Designing Scoring Frameworks for Knowledge Graphs

Knowledge graph scoring is what turns a connected dataset into a decision tool. When teams first adopt a biomedical knowledge graph, the early thrill is connectivity - omics files, phenotype tables, drug–target lists, and clinical summaries finally speak the same language. But the very next challenge appears: too much is connected.

Take a common autoimmune indication. Curated databases like OMIM already list 500+ genes associated with rheumatoid arthritis, and broader association sources add orders of magnitude more signals. If you just project those links into a graph, you’ll get long, alphabetized lists that all “look” equally plausible. Without scoring, scientists still face the same dilemma: where do we begin?

Scoring is the layer that turns a graph from a static map of relationships into a decision-making tool. It encodes your priorities, whether it is novelty vs. validation or repurposing vs. new discovery, and translates them into ranked outputs that scientists can act on.

Take the example of drug repurposing. Here, the most valuable hits are drugs that impact non-target genes already linked to other indications. If the goal is entirely new targets, the priorities flip; now the emphasis is on novelty, under-explored genes, and sparse prior evidence. The same dataset, two very different shortlists.

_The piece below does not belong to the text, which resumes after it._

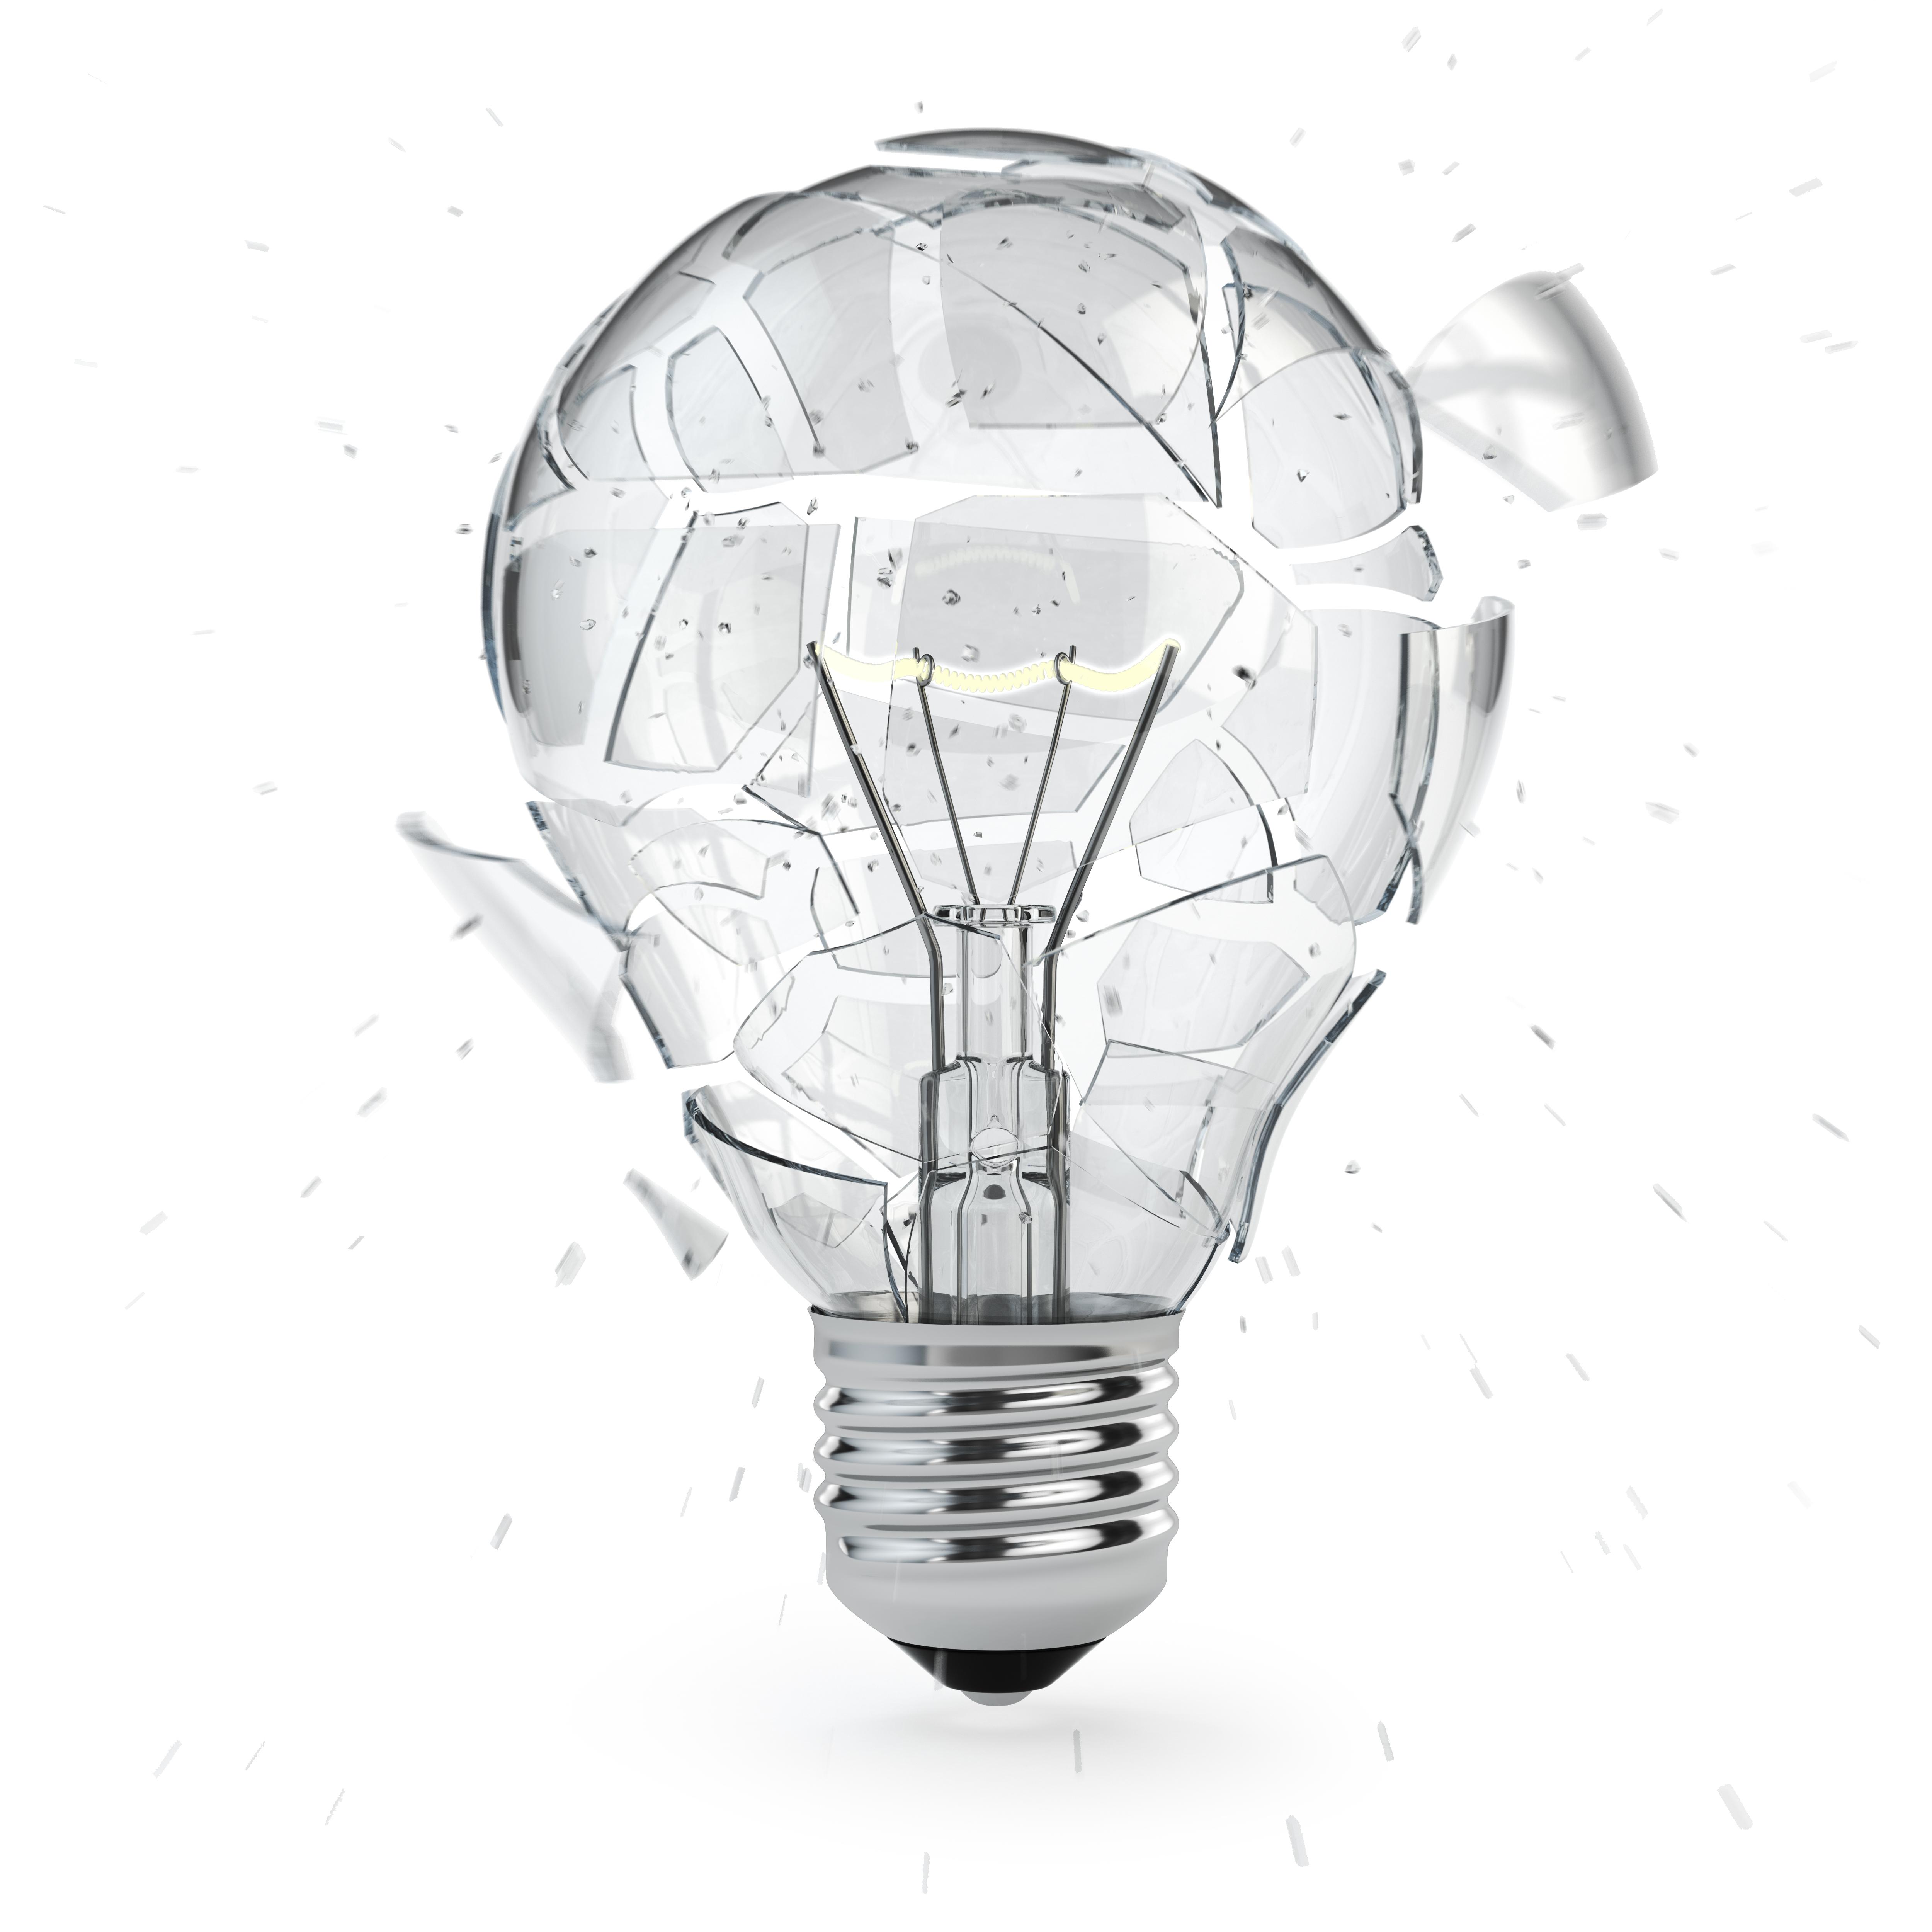 ThinkstockPhotos-510242659-idéeetprojet-catalysation

Polly KG was designed with this premise: every connection should be both visible and rankable - and the way we rank should faithfully reflect the problem you’re solving.

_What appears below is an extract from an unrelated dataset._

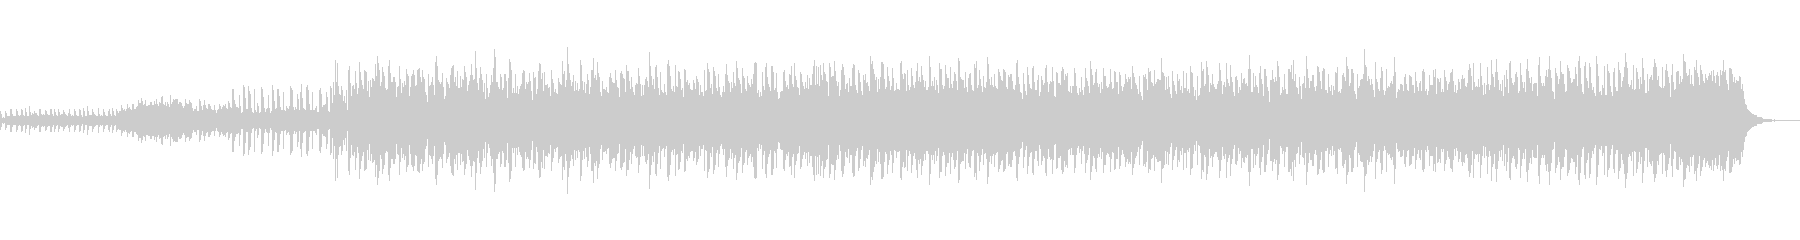 動きの少なく落ち着きのあるテクノ風BGMの未再生の波形

Base vs. Biased Scoring in Knowledge Graphs

There isn’t a universal “best” score. What counts as “high value” depends on the scientific goal.

Polly KG uses a two-tier scheme:

Base scores are neutral, evidence-driven measures. They capture transparent signals such as the clinical trial phase of a drug, the number of drugs already associated with a gene, or whether that gene is considered tractable. For instance, a gene linked only to preclinical compounds ranks higher than one tied to marketed drugs, because it represents a greater opportunity for discovery. Similarly, a gene with fewer drug associations scores higher than one already saturated with treatments, helping teams focus on areas with more potential impact.
Biased scores build on base scores by tilting neutral signals toward a specific context. For example, if the focus is rheumatoid arthritis, disease-specific evidence is weighted more heavily, so those connections rise to the top. The base scoring remains intact but is adjusted to reflect the priorities of the user.

A “before/after” to make it concrete

Base-only (novelty-leaning):

GENE_A - preclinical, few drugs
TNF - approved, many drugs
IL6 - in trials

Biased to rheumatoid arthritis:

IL6- strong disease-specific evidence
GENE_A - still novel
TNF - less relevant to the indication

Same graph, same evidence - different lens, different shortlist.

Every score is a scientific choice.

Scores aren’t just math; they’re judgment, expressed numerically.

When novelty is the aim, you up-weight signals that mark under-explored biology: preclinical over approved, fewer known drugs per gene over many, gently down-weight well-trodden targets. That inevitably pushes some highly drugged, repurposable genes down the list. These are not right-or-wrong decisions; they are trade-offs that should be deliberate and aligned with the problem at hand.

Flip the program to repurposing, and the logic flips with it. You privilege well-characterized targets, multiple independent lines of evidence, and tractability histories. A gene might rise precisely because human evidence and clinical tooling are deep (and potentially portable), even though it wouldn’t qualify as “novel.”

The deeper lesson is that scoring must always be anchored in context. There is no single formula that works for every program. A discovery team and a translational team will want different things from the same graph. Polly KG makes that flexibility possible.

Why Multi-Modal Evidence Strengthens Scores

Another critical principle is that no single data type should dominate. A GWAS hit by itself is rarely enough to justify attention, just as a gene expression spike in one dataset might mean little without supporting evidence.

Scoring in Polly KG is designed to compound across modalities - clinical trials, gene expression, genetic variants, phenotypes - so that no decision rests on a lone signal.

Take the case of a gene–drug connection. Its score may combine the trial phase, number of drugs already linked, and tractability as baseline evidence. On top of that, it may be reinforced by expression data showing upregulation in disease tissue, or by genetic evidence from GWAS studies. The result is not a binary yes/no association but a layered ranking that reflects the breadth and depth of evidence.

This multi-modal compounding is what transforms a biomedical knowledge graph from an information store into a drug discovery knowledge graph - a decision engine that scientists can trust.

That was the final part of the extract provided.